探討新穎長鏈非編碼核糖核酸LINC02470在膀胱癌細胞中誘導上皮間質轉化之分子機轉
余枃崠1、黃晟碩2 、何嘉益3 、于承平4 、于大雄5
1國防醫學院醫學系,2國防醫學院病理及寄生蟲研究所,3國防醫學院生命科學研究所,4三軍總醫院病理部, 5三軍總醫院外科部泌尿外科
Studies on the Molecular Mechanisms of a Novel Long Intergenic Non-protein Coding RNA 02470-induced Epithelial-Mesenchymal Transition in Human Bladder Cancer Cell Lines
Ming-Fong Yee1*, Cheng-Shuo Huang2 , Jar-Yi Ho3 , Cheng-Ping Yu4 , Dah-Shyong Yu5
1School of Medicine, National Defense Medical Center, 2Graduate Institute of Pathology and Parasitology, National Defense Medical Center, 3Graduate Institute of Life Science, National Defense Medical Center, 4Department of Pathology, Tri-Service General Hospital, 5Division of Urology, Department of Surgery, Tri-Service General Hospital
Purpose: In accordance with the Ministry of Health and Welfare‘s annual report 2018, the bladder cancer-induced mortality rate in men and women is 2.2% and 1.8% respectively in Taiwan. Although the treatment of bladder cancer has improved a lot in recent years, the prognosis of patients with bladder cancer is often not as good as expected. Searching for an effective diagnostic or prognostic marker is important to achieve the goal of early diagnosis and evaluation of better treatment strategies. Long non-coding RNAs (lncRNAs) play an important role in the progression of genitourinary malignancies, including bladder cancer, renal cell carcinoma, and prostate cancer. We have found that LINC02470, a novel lncRNA, was significantly increased in bladder cancer cell lines and positively associated with aggressiveness. However, its molecular regulations and clinical meanings have not been reported. Hence, the purpose of this study is tried to elucidate the regulatory roles of LINC02470 and evaluated its potential in the diagnosis and prognosis of bladder cancers.

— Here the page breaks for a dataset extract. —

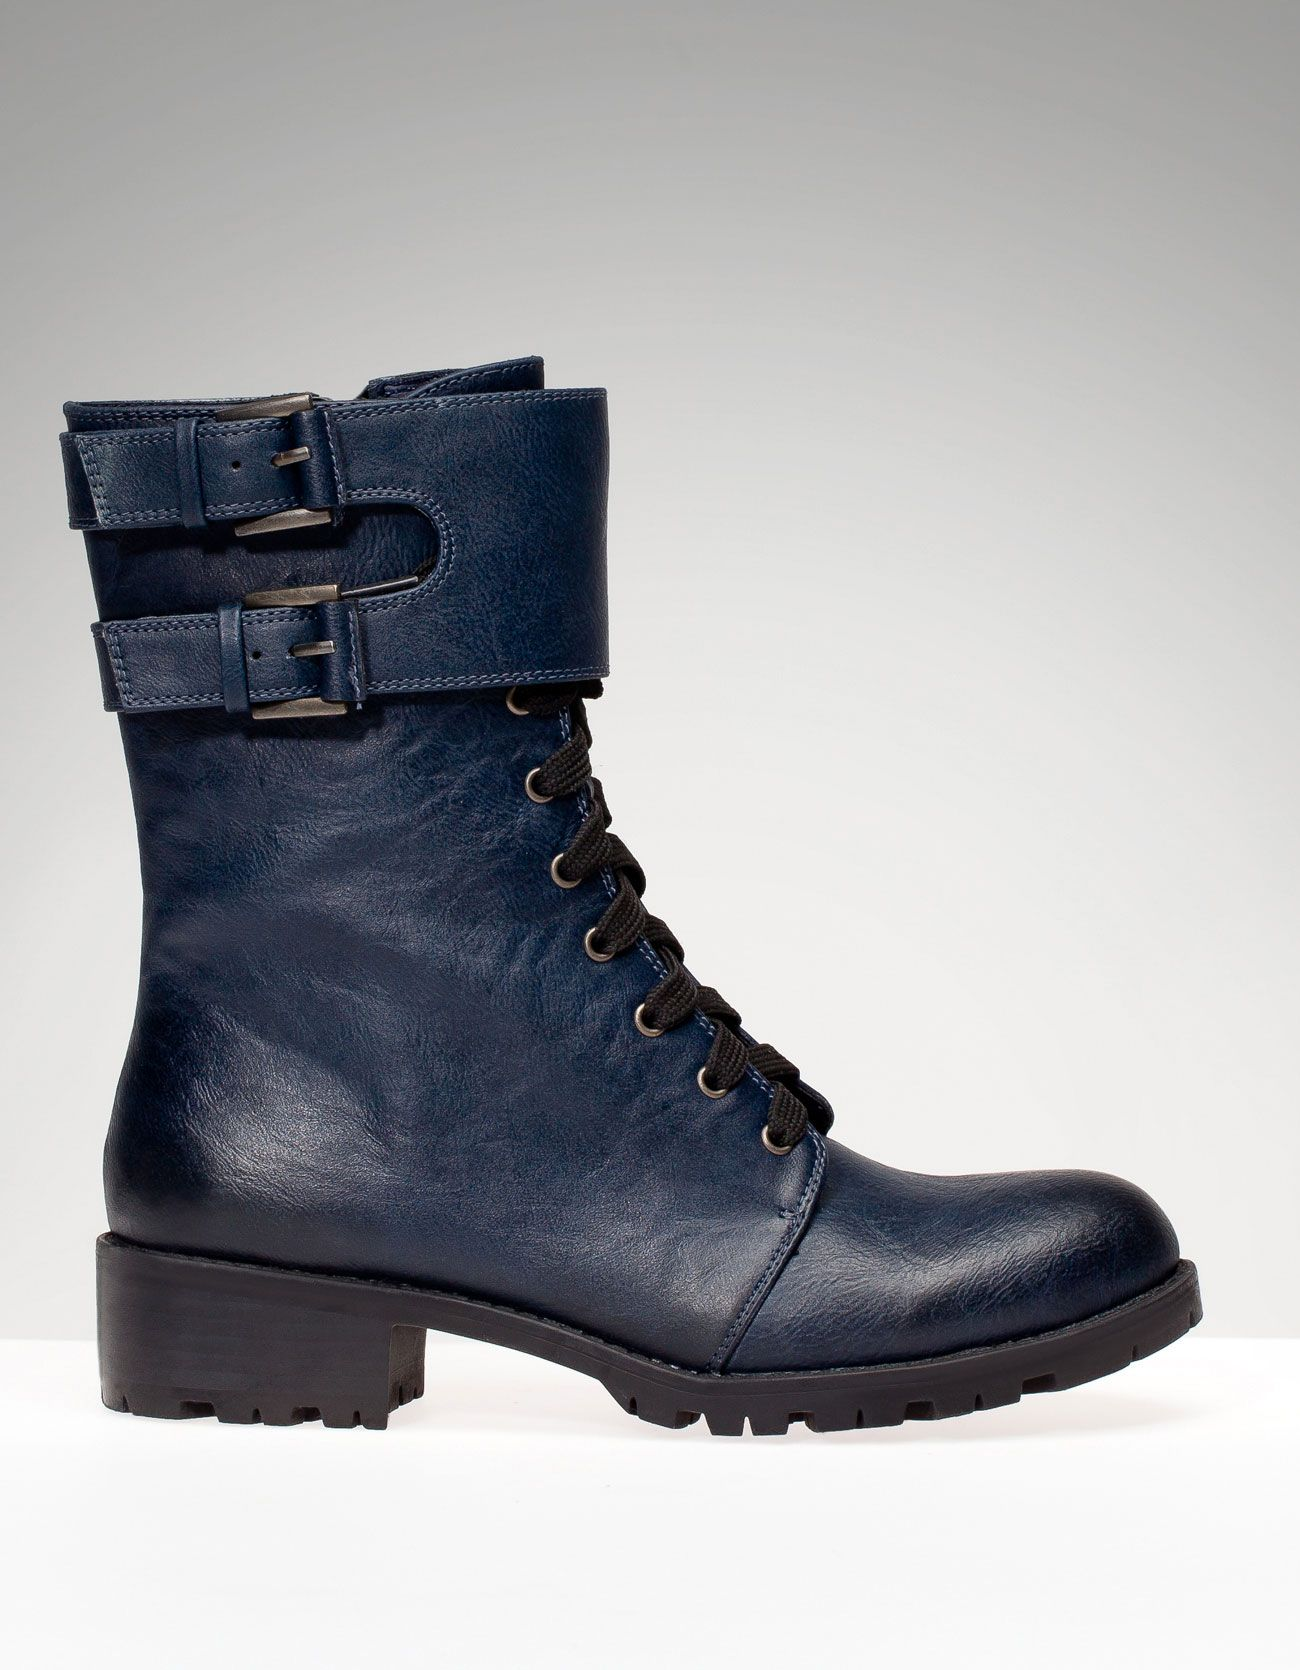 Stradivarius Botin Plano Militar Cordones Boots Blue Boots Fun Heels

Materials and Methods: We selected LINC02470 as the candidate of this study upon a bioinformatic screening using lnCAR database and a comparison of its expression levels among bladder cell lines. The relative expression level of LINC02470 was determined by RTqPCR in different bladder cancer cell lines (low-grade: TSGH 8301 and TSGH 9202, and high-grade T24 and J82) and a human uroepithelial cell line (SV-HUC-1). In these cell lines, loss-of-function experiments were performed to investigate the biological effects of LINC02470 on bladder cancer cell proliferation (MTT assay), migration (Wound Healing Assay) and invasion activity (Transwell). The molecular mechanisms underlying the functions of LINC02470 were determined by western blot and RT-qPCR.
Results: LINC02470 was significantly up-regulated in high grade bladder cancers and positively associated with its aggressiveness. Further experiments demonstrated that knockdown of LINC02470 inhibited cell proliferation, migration and invasion in T24 and J82 tumor cell. In molecular regulation, The silence of LINC02470 promoted EMT of T24 and J82 bladder cancer cells by inhibiting the interaction between NOTCH4 signaling pathways and downregulating SLUG/TWIST/ZEB2 transcription factors in T24 and J82 bladder cancer cells.
Conclusion: This is the first study that demonstrates LINC02470 playing a significant regulatory role in promotion of EMT and progression of bladder cancer. LINC02470 is an encouraging novel biomarker that can be used for the clinical prognosis prediction of bladder cancer.